What changed from the monolith:
- Functions now take TStudent parameters instead of array indices
- No global state — each function operates on the student record it receives
- The duplicate CalcAvg2 was eliminated (it was identical to CalcAverage except for rounding)
- LetterGrade was extracted from the reporting code where it was inline
Step 4: Extract Storage, Reports, and UI
With the domain model clean, we extract the other units following the same pattern. Each unit depends only on what it needs:
GradeStorage — Takes a TStudentArray and a filename, saves/loads. No formatting, no UI.
GradeReports — Takes a TStudentArray, produces formatted text output. No storage, no UI interaction.
GradeUI — Handles the menu loop, user input, and coordinates calls to the other units.
The main program becomes minimal:
program GradeTracker;
{$mode objfpc}{$H+}
uses
SysUtils, GradeModels, GradeStorage, GradeReports, GradeUI;
var
Students: TStudentArray;
DataFile: string;
begin
DataFile := 'grades.dat';
Students := LoadStudents(DataFile);
RunMainMenu(Students, DataFile);
end.
Step 5: Verify Correctness
The refactored program must produce exactly the same output as the original for any given input. Verification steps:
- Compile all units.

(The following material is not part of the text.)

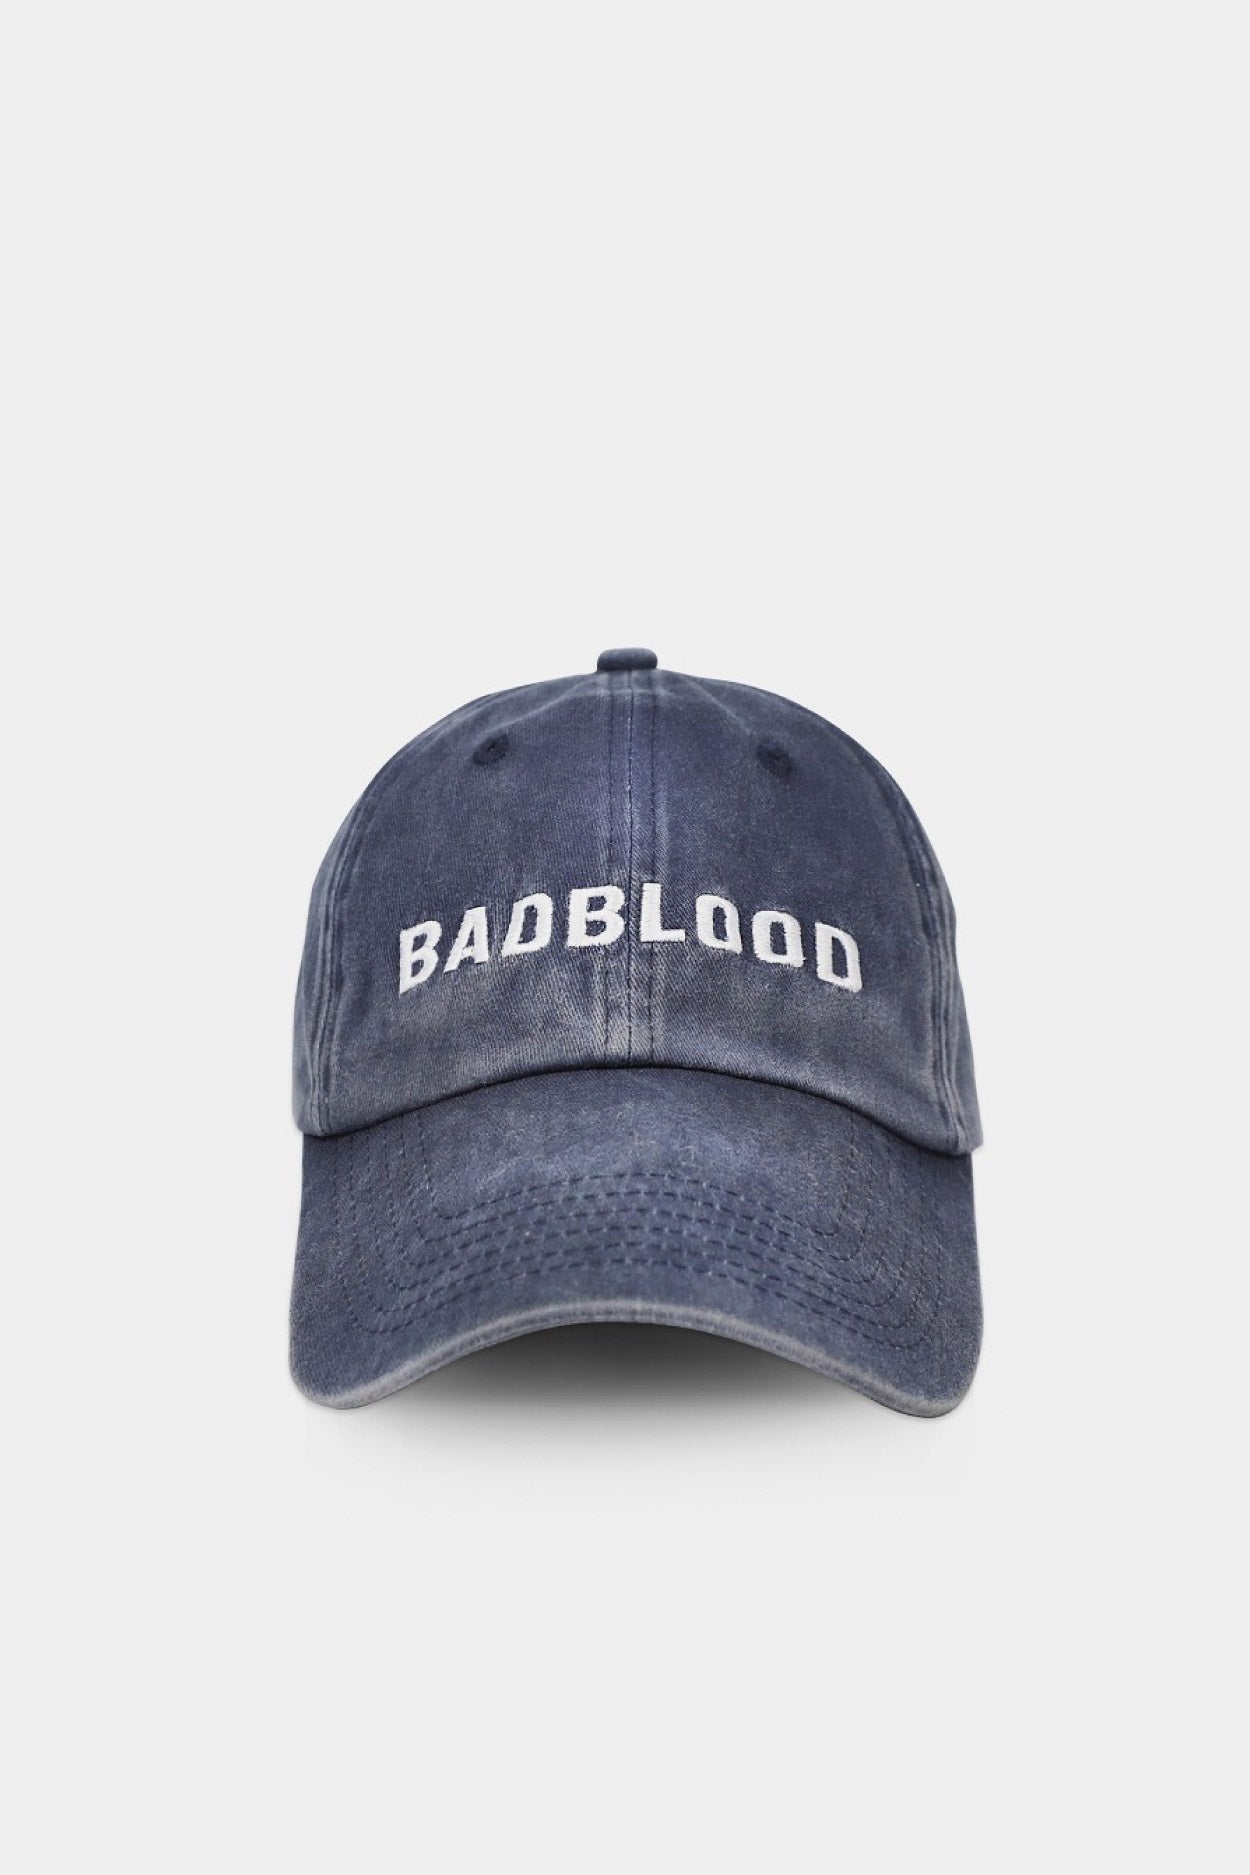 Badblood Vintage Logo Ball Cap Navy

Any missing dependencies or type mismatches will appear as compile errors.
- Run with test data. Enter the same students and grades in both versions, compare output character by character.
- Test edge cases. Empty student list, maximum grades, duplicate IDs.
- Test file compatibility. Load a data file created by the old version in the new version (and vice versa, if the format has not changed).
Results
| Metric | Before (Monolith) | After (Modular) |
|---|---|---|
| Files | 1 | 6 (5 units + main) |
| Global variables | 12 | 2 (in main program only) |
| Duplicate functions | 2 | 0 |
| Lines per file (average) | 800 | 120 |
| Compilation time (full rebuild) | 1.2s | 1.3s |
| Compilation time (change one report) | 1.2s | 0.3s |
The full rebuild is slightly slower (the compiler opens more files), but incremental builds are much faster. More importantly, changing a report function now requires reading only 120 lines of context instead of 800.
Lessons Learned
- Start with the domain model. Extract the types and core operations first — everything else depends on them.
- Eliminate duplication during the refactoring. This is the perfect time to consolidate duplicate functions.
- Remove global state aggressively. Every global variable you eliminate is a coupling you break. Pass data through parameters instead.
- Test at each step. Extract one unit, compile, test. Extract the next, compile, test. Do not try to do it all at once.
- The main program should be thin. It coordinates the units but contains almost no logic of its own.
The total effort for this refactoring was approximately four hours — a one-time investment that will save far more time in every future maintenance session.